[Information provided]
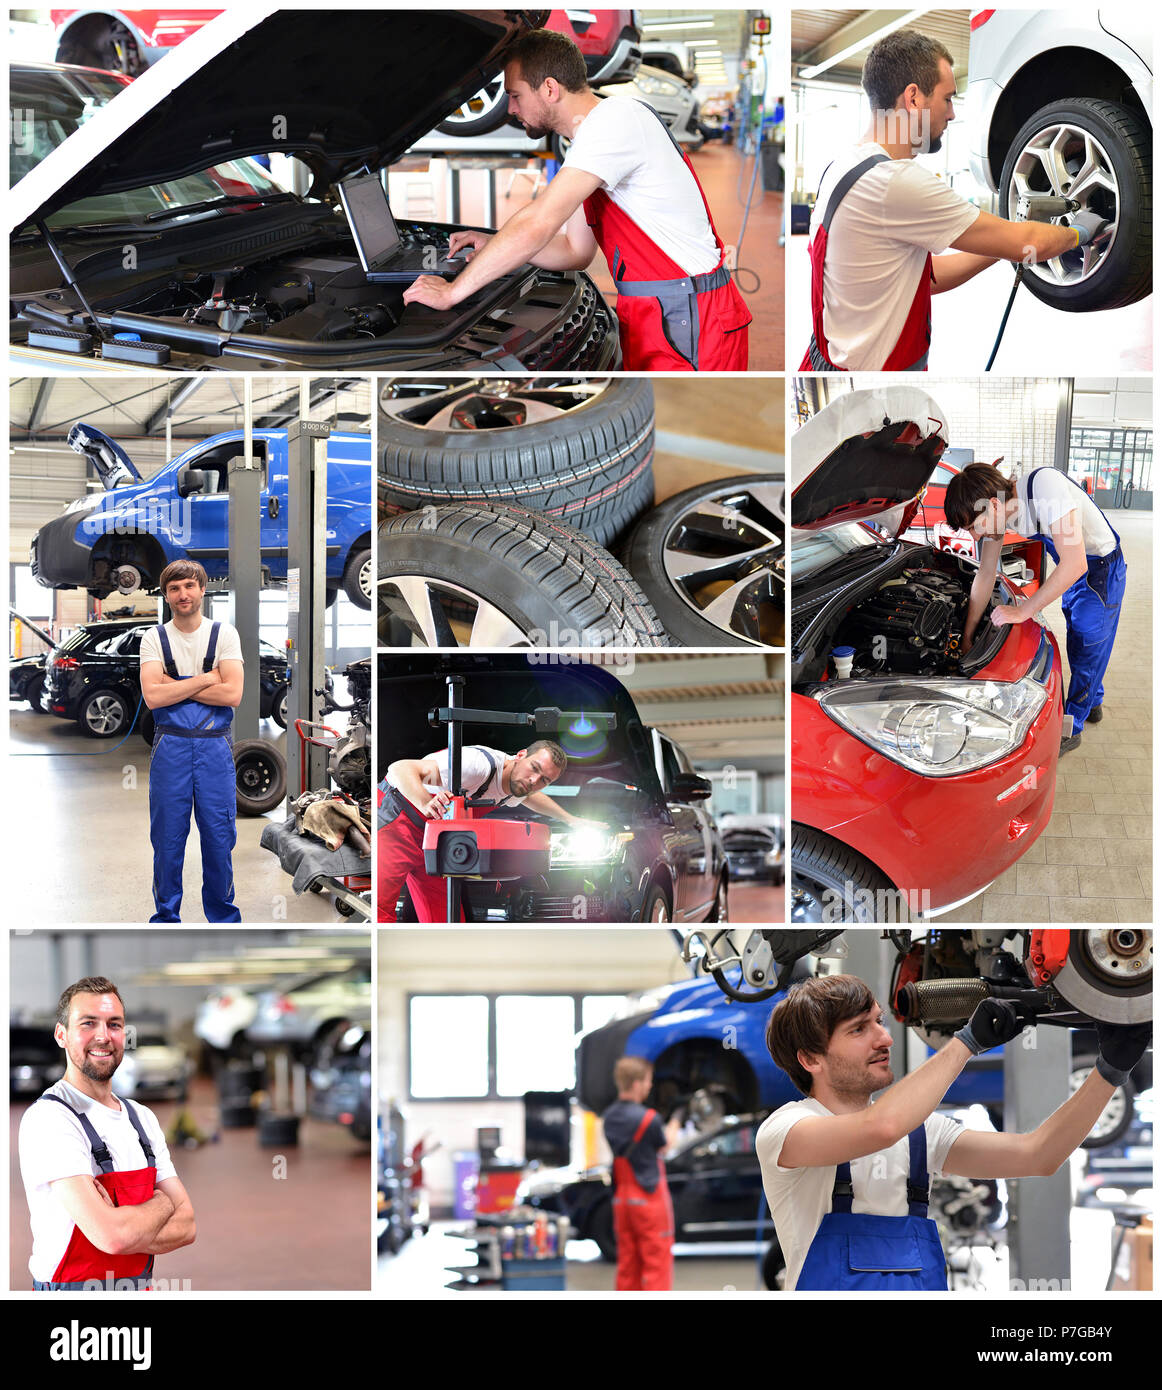 Collage mit Motiven in einer Autowerkstatt - Autoreparatur, ändern Reifen, Motor Diagnose Stockfoto
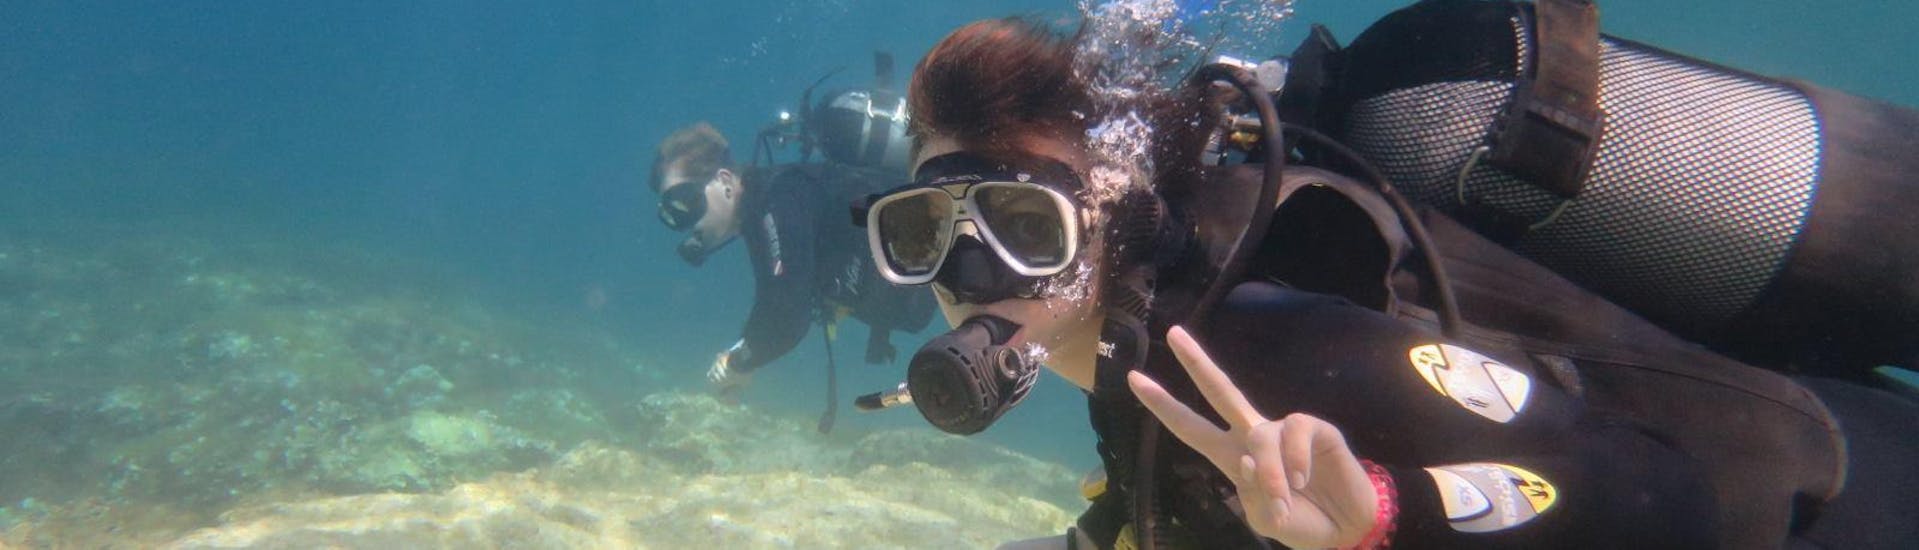 Immersioni subacquee per principianti a Bugibba, Malta.
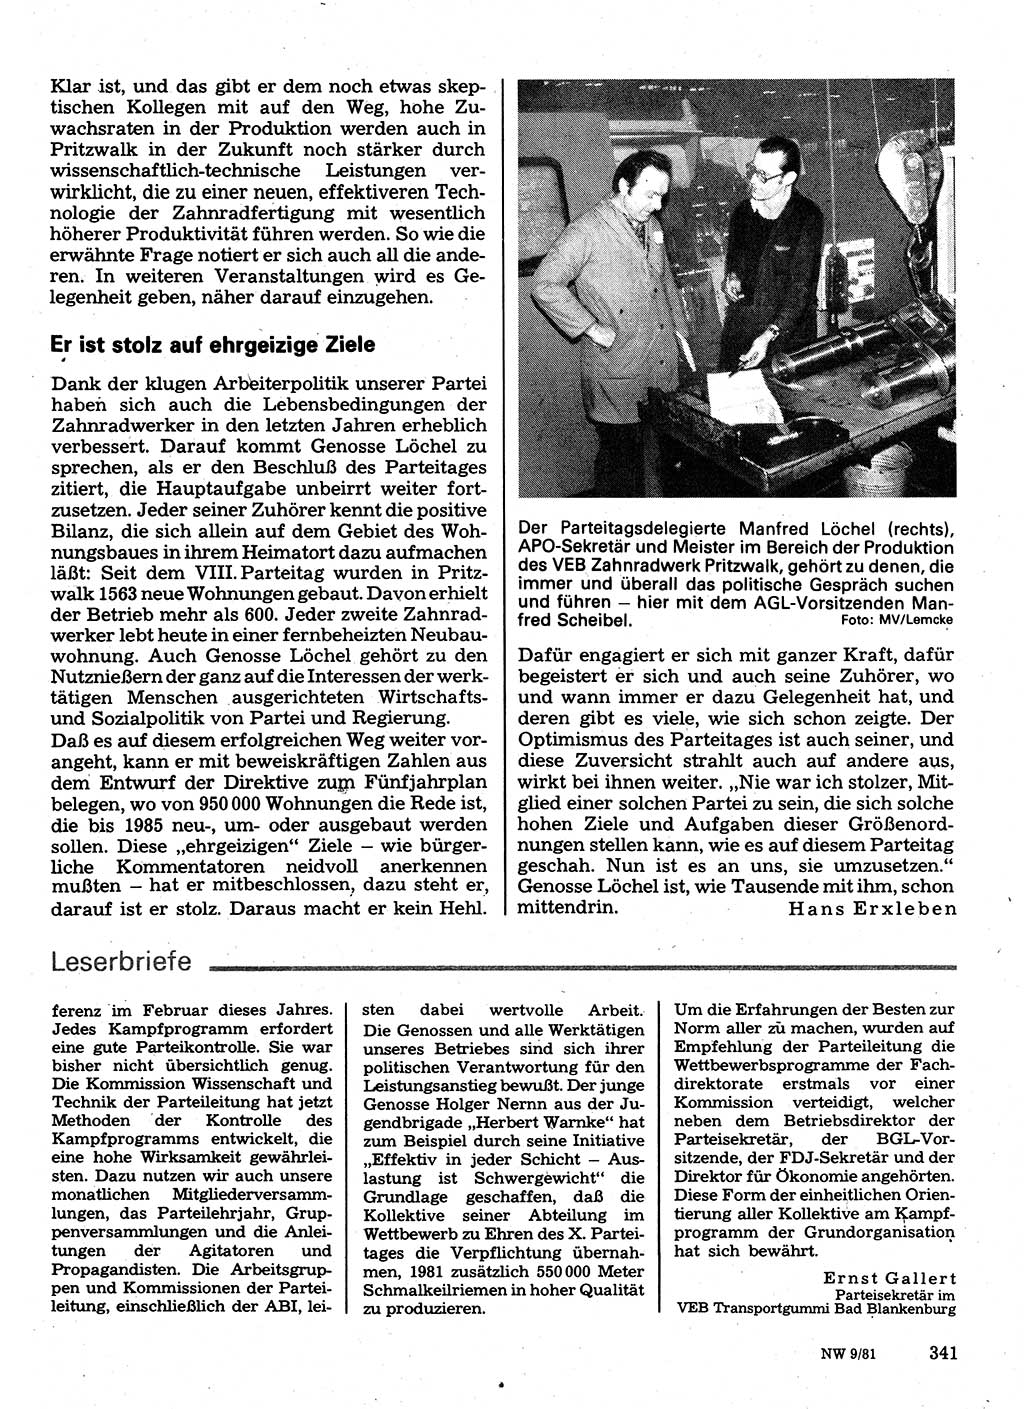 Neuer Weg (NW), Organ des Zentralkomitees (ZK) der SED (Sozialistische Einheitspartei Deutschlands) für Fragen des Parteilebens, 36. Jahrgang [Deutsche Demokratische Republik (DDR)] 1981, Seite 341 (NW ZK SED DDR 1981, S. 341)

[Task details] Omit the pictures and reproduce the listing exactly.

[Answer section]
 Collage mit Motiven in einer Autowerkstatt - Autoreparatur, ändern Reifen, Motor Diagnose Stockfoto
 Immersioni subacquee per principianti a Bugibba, Malta.
 Neuer Weg (NW), Organ des Zentralkomitees (ZK) der SED (Sozialistische Einheitspartei Deutschlands) für Fragen des Parteilebens, 36. Jahrgang [Deutsche Demokratische Republik (DDR)] 1981, Seite 341 (NW ZK SED DDR 1981, S. 341)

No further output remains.